Kim Bum Soo, Kwon Tae Gyun
Department of Urology, School of Medicine, Kyungpook National University, Daegu, South Korea,
Curr Urol Rep. 2015 Jan;16(1):467. doi: 10.1007/s11934-014-0467-5.
Urethral strictures may be caused by infections, trauma, or iatrogenic injuries. However, urethral reconstruction as a means of managing the long-segment urethral strictures can prove problematic. Various graft materials have been developed for use during urethroplasty. Although some graft techniques--including those using the buccal mucosa, bladder mucosa, colonic mucosa, and skin--have yielded good results, risks of surgical failure and donor site complications remain. Moreover, no graft material has yet been accepted as the clinical standard within the field of urology.
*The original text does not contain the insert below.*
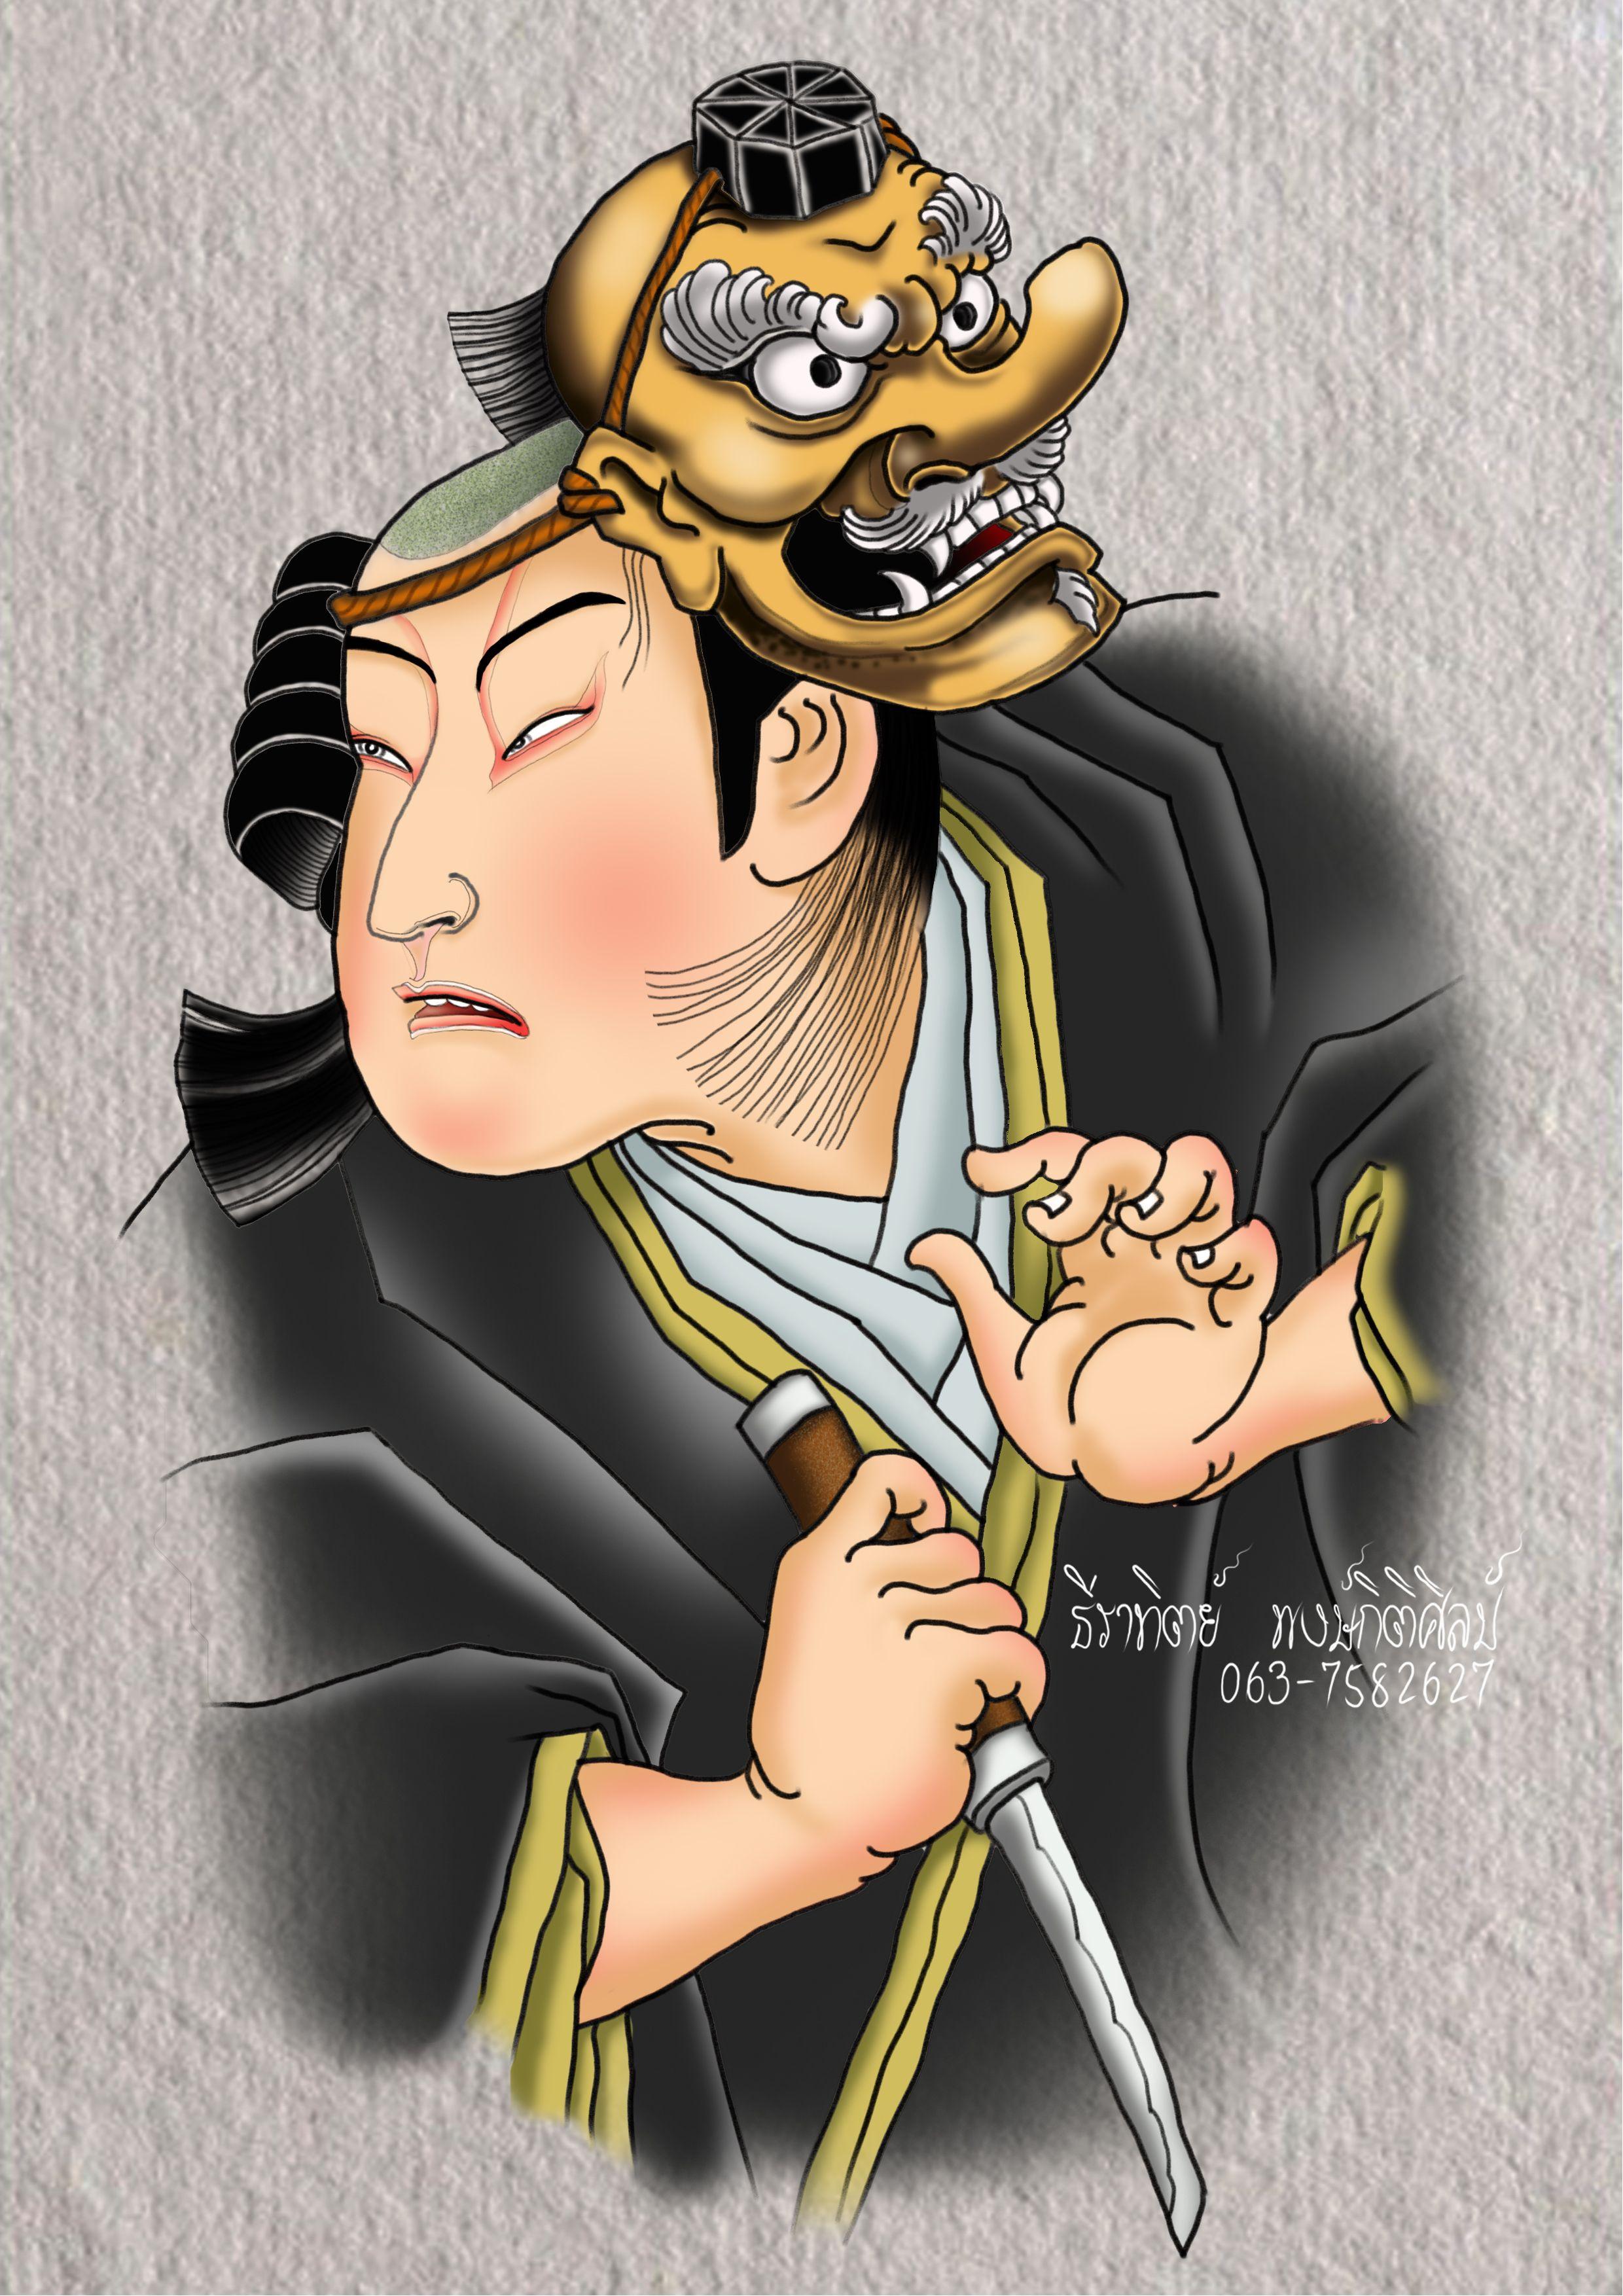 Japanese ลายส กญ ป น พ จ ตร ตลาดใหม สระหลวง ลายส ก งานออกแบบลายส ก Tattoo Thailand Tattoophichit ร านส กพ จ ตร โท ลายส กญ ป น ซาม ไร รอยส กร ปแมว

This article provides a brief, updated review of both urethral strictures and clinically available graft materials for urethral reconstruction. In addition, we review previous studies involving autologous vein grafts for urethroplasty and discuss potential advances in the clinical use of these grafts.
尿道狭窄可能由感染、创伤或医源性损伤引起。然而,尿道重建作为治疗长段尿道狭窄的一种方法可能存在问题。在尿道成形术中已开发出各种移植材料。尽管一些移植技术——包括使用颊黏膜、膀胱黏膜、结肠黏膜和皮肤的技术——已取得了良好效果,但手术失败和供区并发症的风险仍然存在。此外,在泌尿外科领域,尚未有任何移植材料被接受为临床标准。本文简要介绍了尿道狭窄以及临床上可用于尿道重建的移植材料的最新情况。此外,我们回顾了以往涉及自体静脉移植用于尿道成形术的研究,并讨论了这些移植材料在临床应用中的潜在进展。